We've done a lot of work around it. We think it grows high single digits to mid-teens for a while. So yes.
Can you talk about the semiconductor and the CHIPS Act opportunity set? We're seeing more grant funding coming to market recently, but there have also been some significant delays in major fab projects. I'm wondering how we should consider the opportunity set over the next 12 months in light of these two diverging signals.
Next 12 months? Good. I mean the next 12 months, we have most of it already in RPOs, and we know what the work we'll be doing on some of these critical sites. When you think about the delays, actually, that's not bad for us in some cases. We're building the infrastructure around that; they have to staff them. It allows the sites to become much more solid after the initial build; they start to winnow down to the contractors that are the winners on that site that have done great work for them. We’ve emphatically shown we are those contractors.

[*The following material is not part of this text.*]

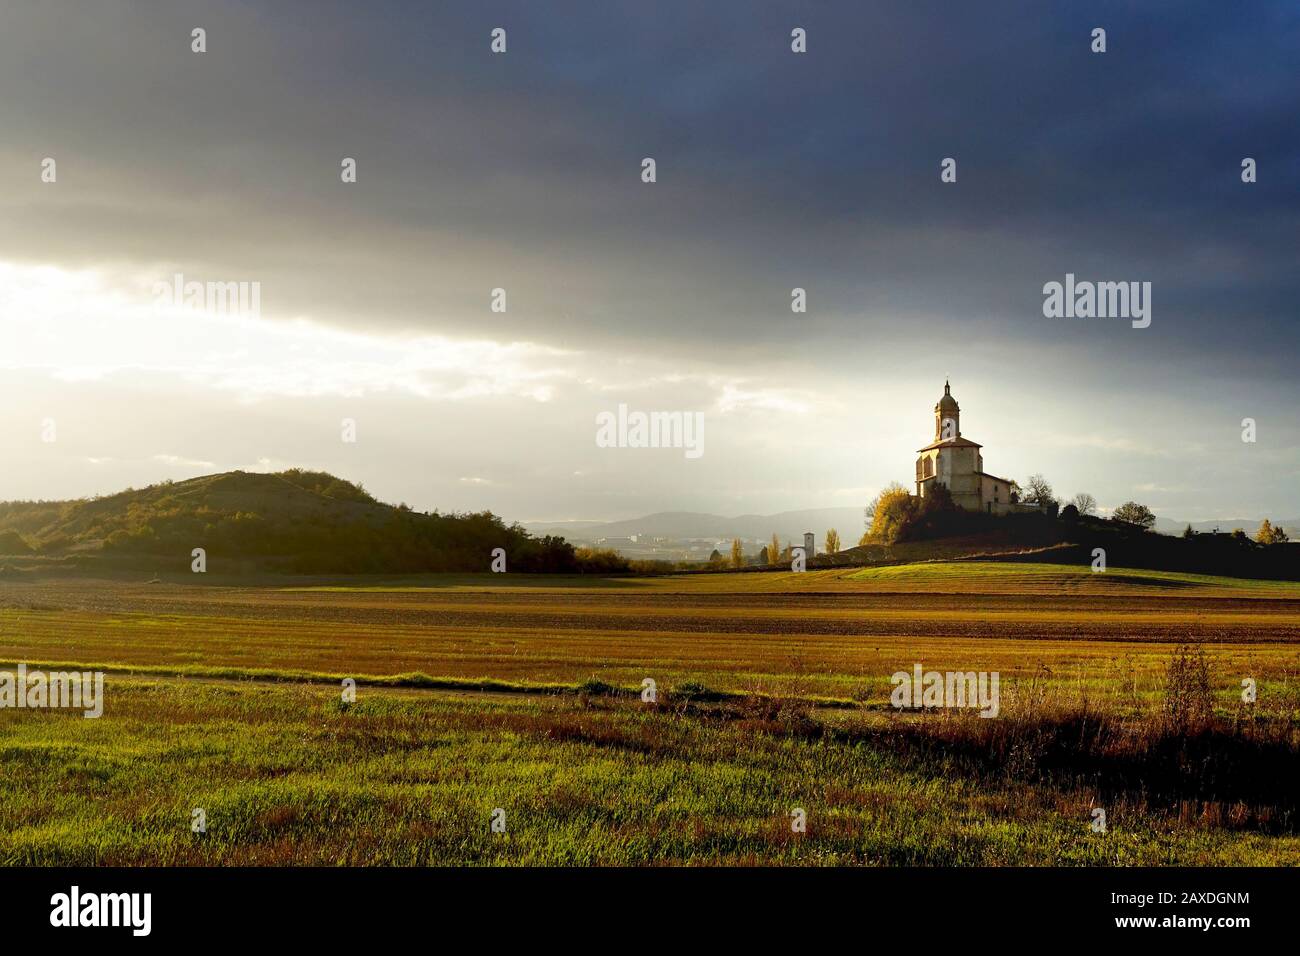 Dark skies over an old Church stood alone on a hill bathed in sunlight Stock Photo

And then how would you compare and contrast the semiconductor build-out versus the data center build-out in terms of duration of the cycle and based on what you're hearing from your customers about discussion on plans? I'm just trying to wonder, is one a five-year cycle, is one a ten-year cycle? Just any thoughts on duration of the two cycles?
I don't really have a specific timeframe, but as contractors, we typically view projects in three to five-year cycles. Looking ahead, we feel positive about that. We can allocate our resources to where the best opportunities lie. For example, if the semiconductor market is performing well in an area where we have some work, even if we aren’t involved in that sector, the surrounding infrastructure, like warehousing or healthcare, tends to thrive. We might take on various jobs beyond just semiconductor work, focusing on how to best allocate our resources to serve those projects. The data center market looks particularly strong for the next three to five years, and it generally offers more stability in staffing. Companies need to get their technology right, which most understand, and they are considering redesigns. The operational aspect of data centers requires only a few personnel, allowing them to focus on capacity planning once everything is launched. In contrast, the semiconductor sector often has established workforces that facilitate easier expansion. New entrants might find they need to hire more workers initially for production compared to existing companies. A carefully planned approach over the next few phases leads to a more organized construction site, allowing us to collaborate effectively. We prefer that they take the necessary time to staff correctly and achieve success rather than just focusing on quick builds. This strategy benefits our planning and theirs as well. Overall, I am optimistic about both markets, though data centers do not face the same human resource challenges post-construction as semiconductors do.